There are several ways to minimize the risk of having no coverage. One is to thoroughly review your cases before you apply for insurance. If you discover a potential claim, or circumstances that could give rise to a claim, notify your current carrier immediately. That will ensure coverage even if you disclose it on your application to the new insurer and that insurer excludes it from your next policy.
It is not a bad idea at firms with more than one lawyer to ask each lawyer to fill out a questionnaire or some type of checklist or document stating whether they know of any potential claims.

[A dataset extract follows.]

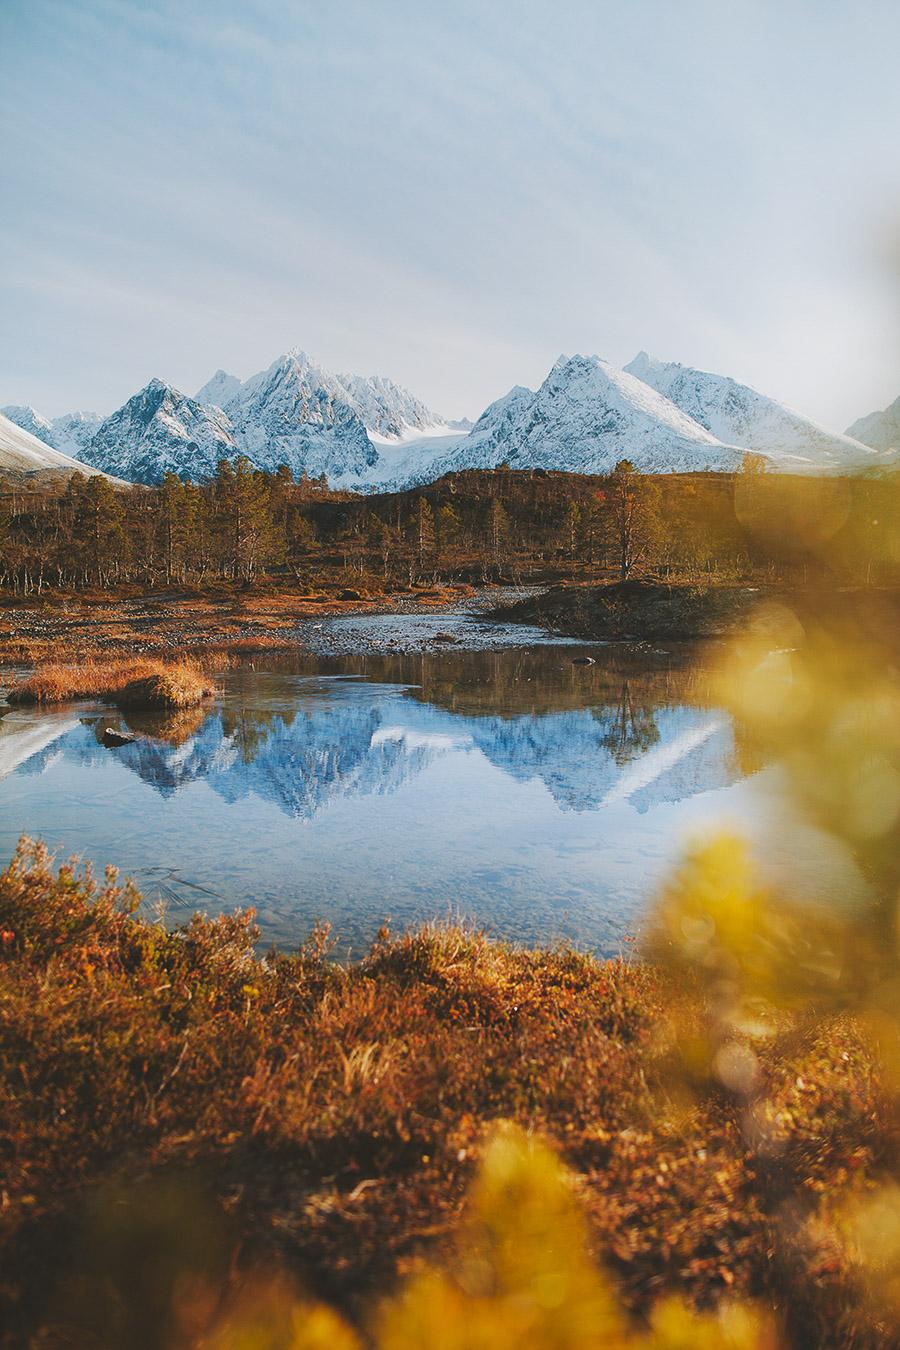 Peaks of Lyngen reflected in a river.

Factors in Reviewing Claims
One impediment to timely reporting is the fear that reporting everything that could give rise to a claim will negatively affect a lawyer’s insurability and premium. McCarthy says that isn’t necessarily the case at WILMIC. “Lawyers often ask me if their reporting of any matter will automatically tarnish their insurance record. The short answer is ‘no,’ certainly not automatically. As the underwriter, I look beyond the existence of a reported claim and consider a number of factors, weigh them collectively and make a determination, based on circumstances, history, and any other information at my disposal.”
“The typical review of a claim will include consultation with the claims department to help determine if a claim has merit, the degree of negligence, the amount of alleged or actual damages, the circumstances that preceded the claim, the lawyer’s degree of cooperation, and whether the lawyer recognizes some steps he or she can take, if at all possible, to prevent a recurrence.”

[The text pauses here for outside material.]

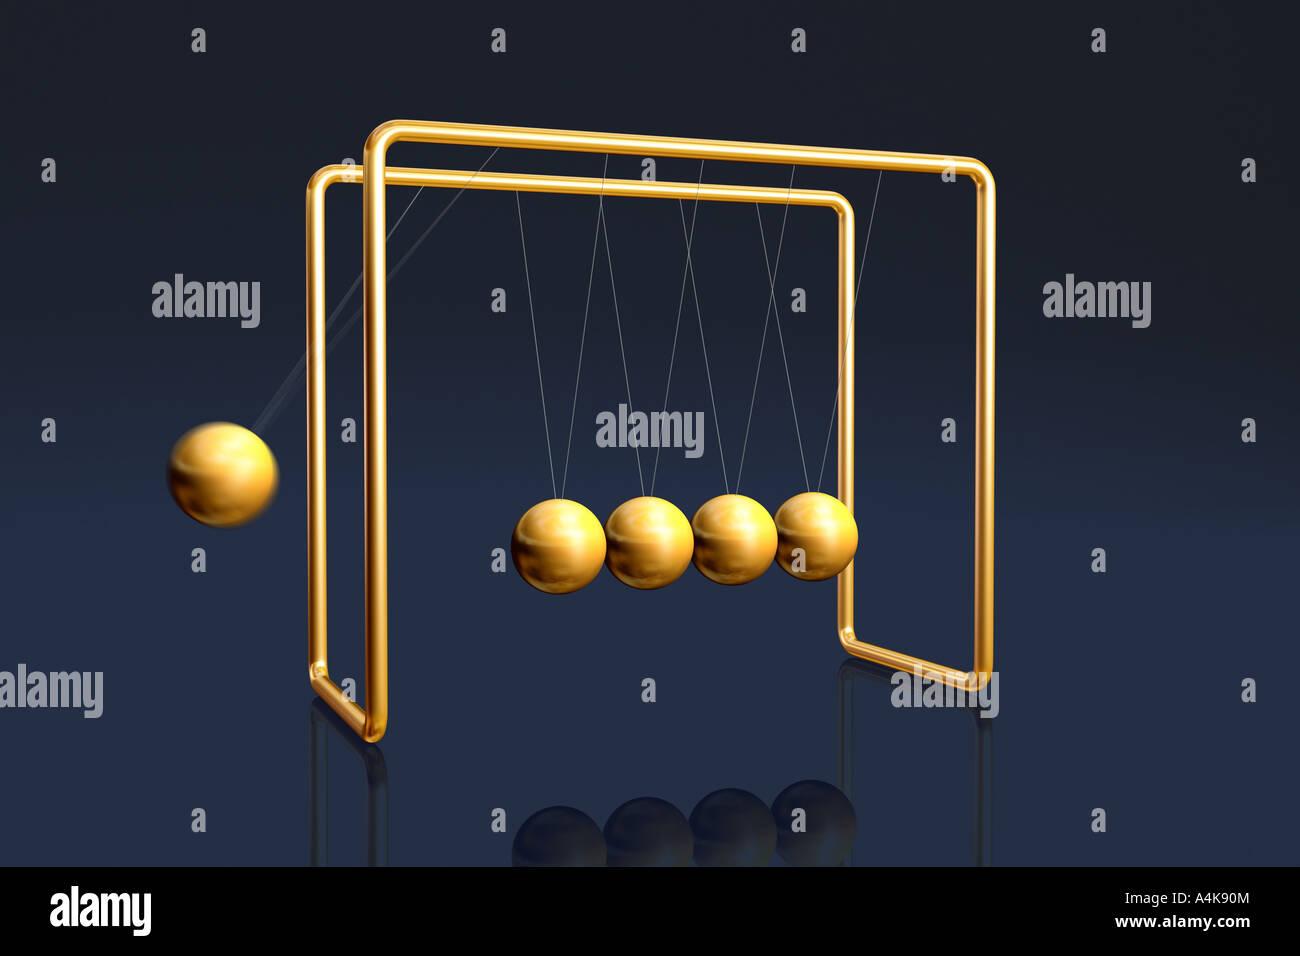 newton ball stock photos newton ball stock images alamy

McCarthy says lawyers also sometimes believe a costly claim will mean they will automatically be dropped. McCarthy says that is also not necessarily the case at WILMIC. “In addition to reviewing the factors I just mentioned, I will also take into account the lawyer’s previous claim history, both frequency and severity, and the lawyer’s longevity as a policyholder. Those are all important considerations.”
As for a premium increase, McCarthy says that too is not done as a matter of course, but rather after consideration of many factors. “I use information received from the claims department as well as claims history, longevity with us, and the nature of the claims or potential claims and any information that will give me the complete picture of a particular lawyer or law firm. Only after all the factors are considered could premium be affected. WILMIC makes every reasonable effort to avoid premium increases. On the other hand, lawyers with no claims or less costly claims can rightfully expect to pay less premium than a lawyer with a significant claim.”
Lawyers should not fear reporting potential claims or circumstances that may give rise to a malpractice claim. While that is not a pleasant task, it is necessary to ensure and protect the coverage they have paid for with their premiums. The claims-made nature of legal malpractice insurance policies requires that the notice be given in writing at the time you first become aware of a matter that a reasonably prudent lawyer might expect to be the basis of a claim. That will protect your coverage if the matter develops into a claim, and it gives your insurance carrier a chance to work with you on possible repair of the problem, investigate the circumstances thoroughly, and develop defenses to the claim if necessary.
As McCarthy says, “Lawyers may be surprised to learn that many of these matters do not have much, if any, impact on premium. And the risk of losing coverage is just not worth it. It’s better to be safe than sorry.”